GIVEN INFORMATION:
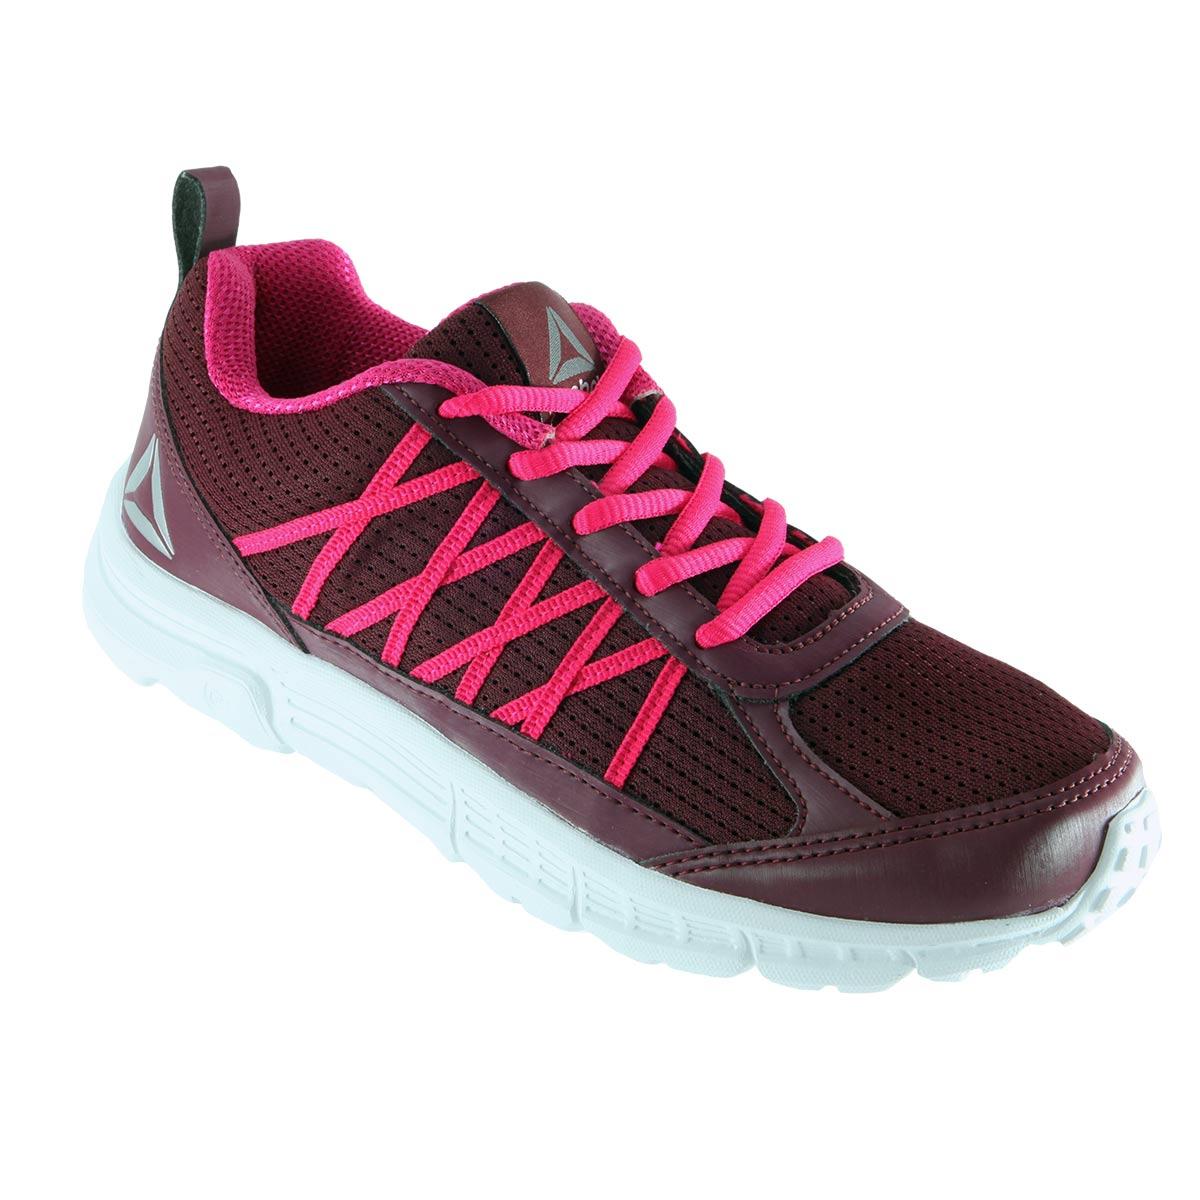 Tênis Reebok Speedlux 2.0 Feminino Corrida Caminhada BD5449
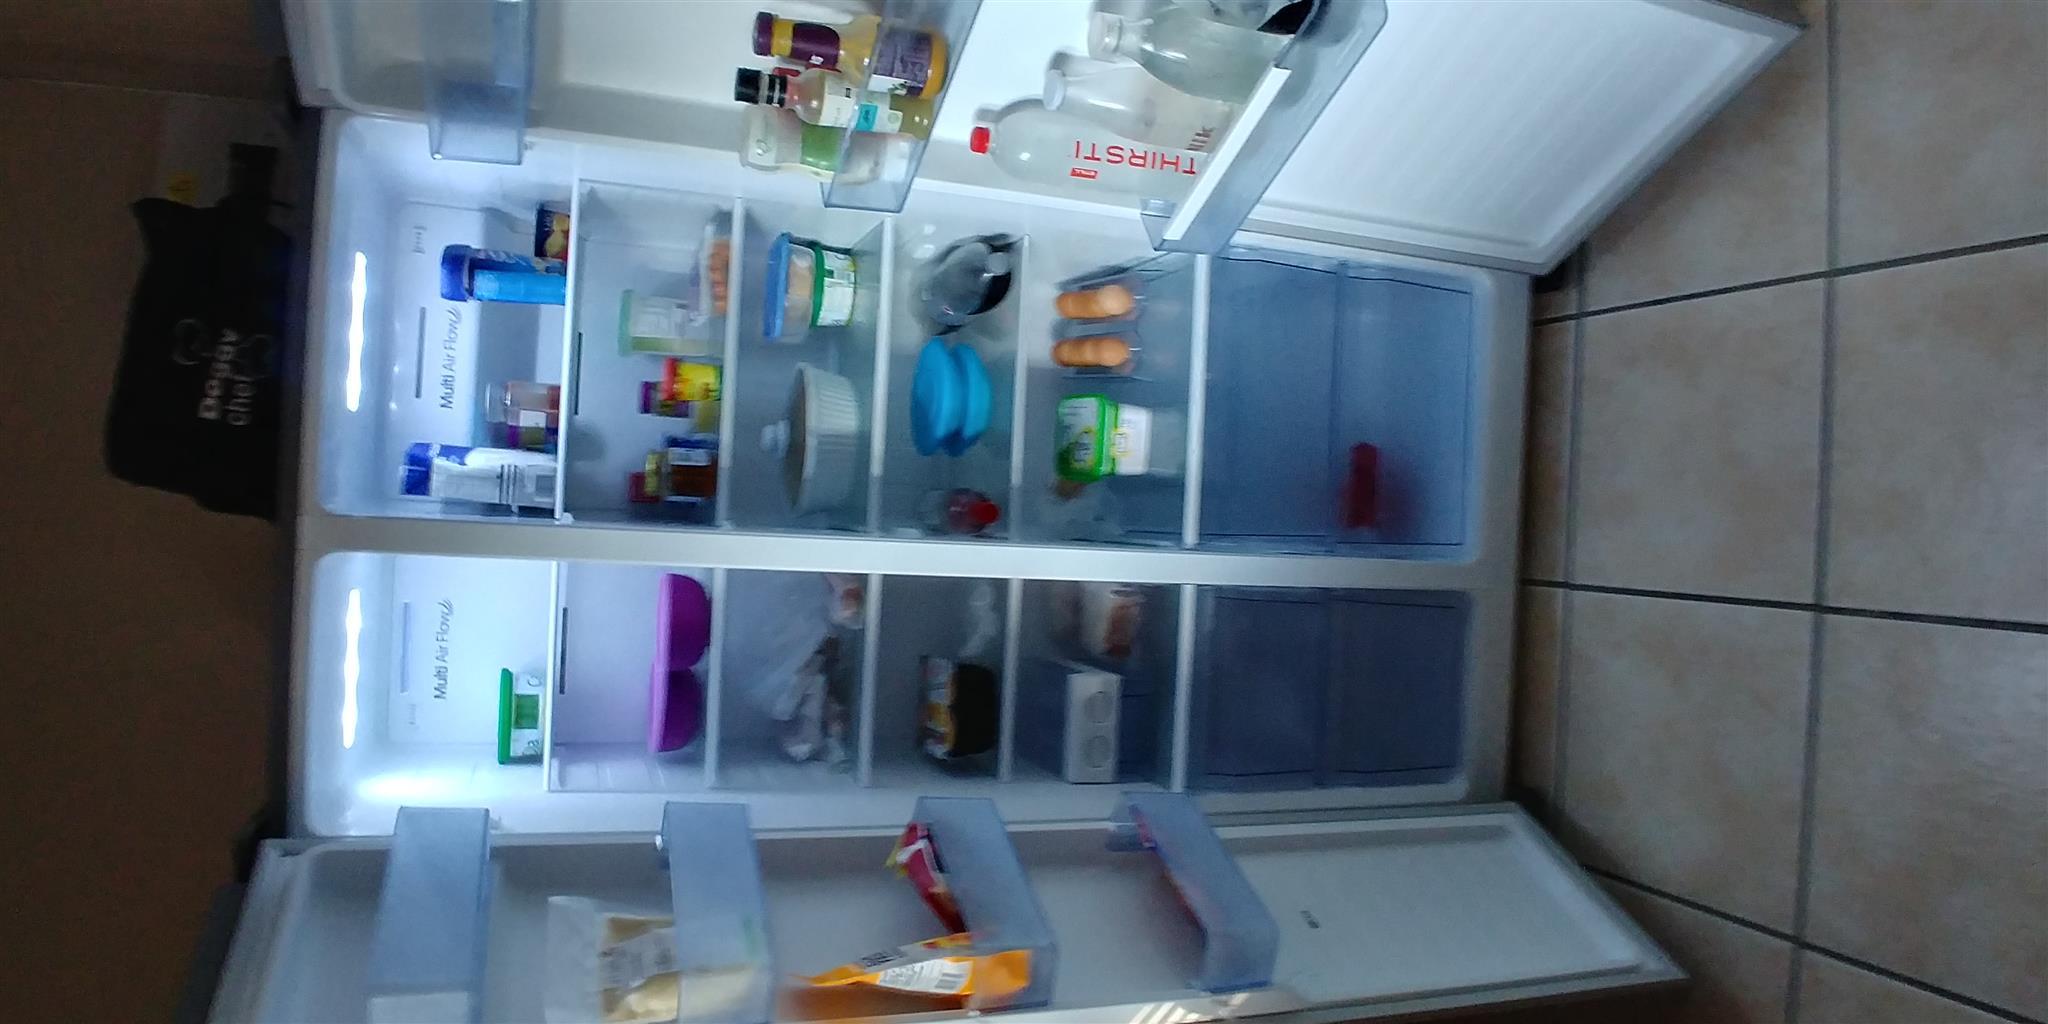 Hisence Side by Side Fridge/Freezer For Sale
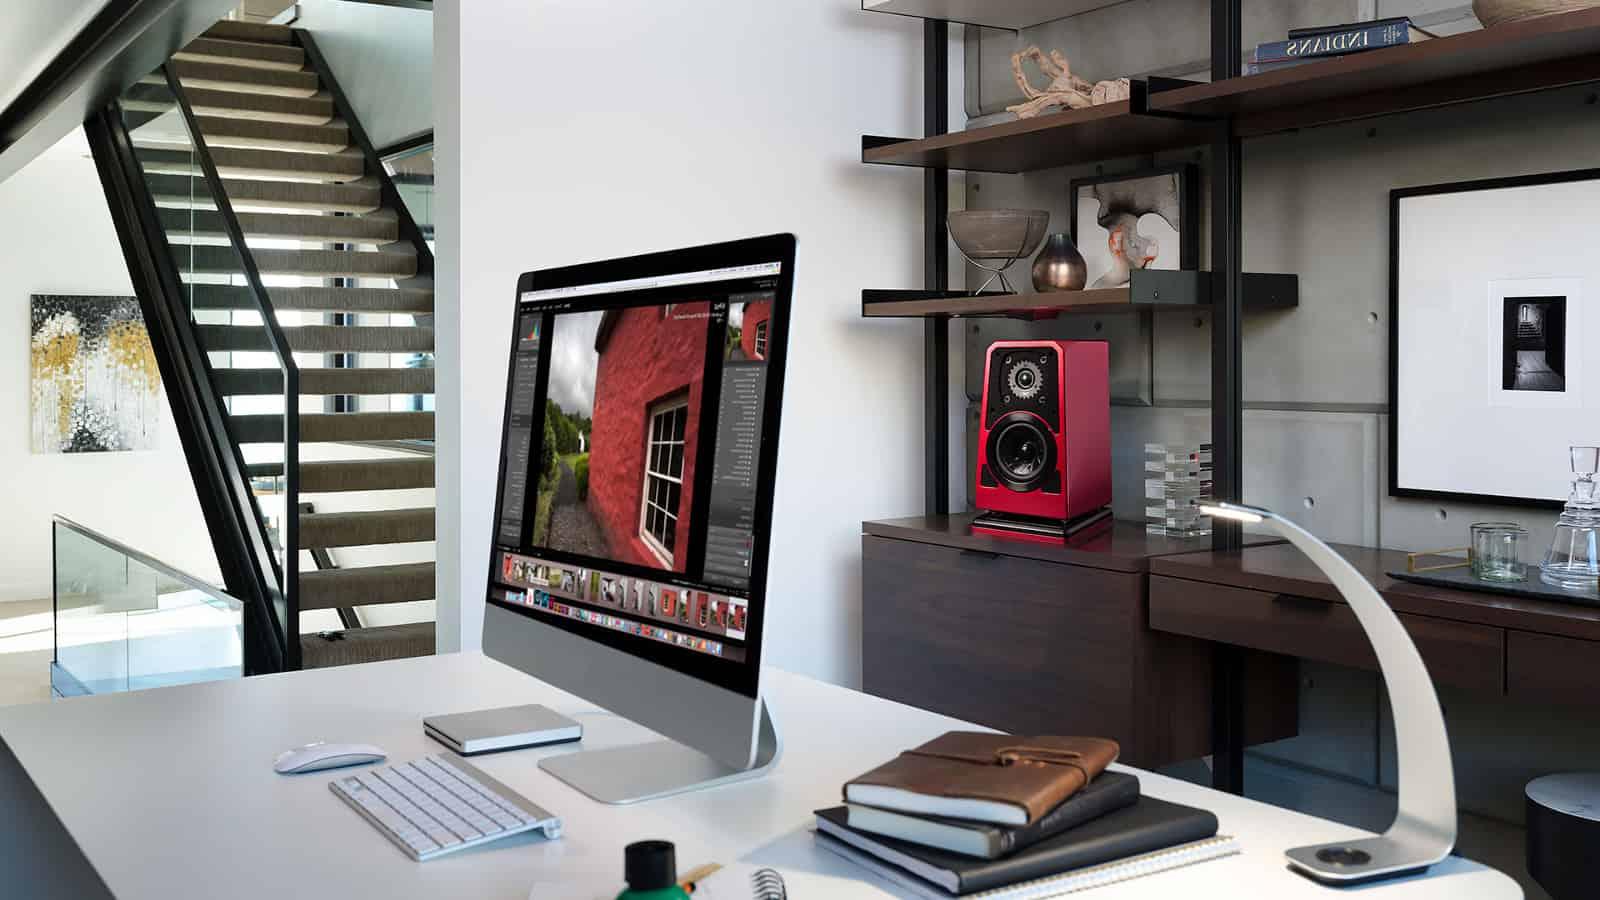 wilson-audio-tunetot-bookshelf-loudspeaker

WHAT THE EXERCISE ASKS:
Output each of the lines above exactly, apart from the images.

TASK SOLUTION:
 Tênis Reebok Speedlux 2.0 Feminino Corrida Caminhada BD5449
 Hisence Side by Side Fridge/Freezer For Sale
 wilson-audio-tunetot-bookshelf-loudspeaker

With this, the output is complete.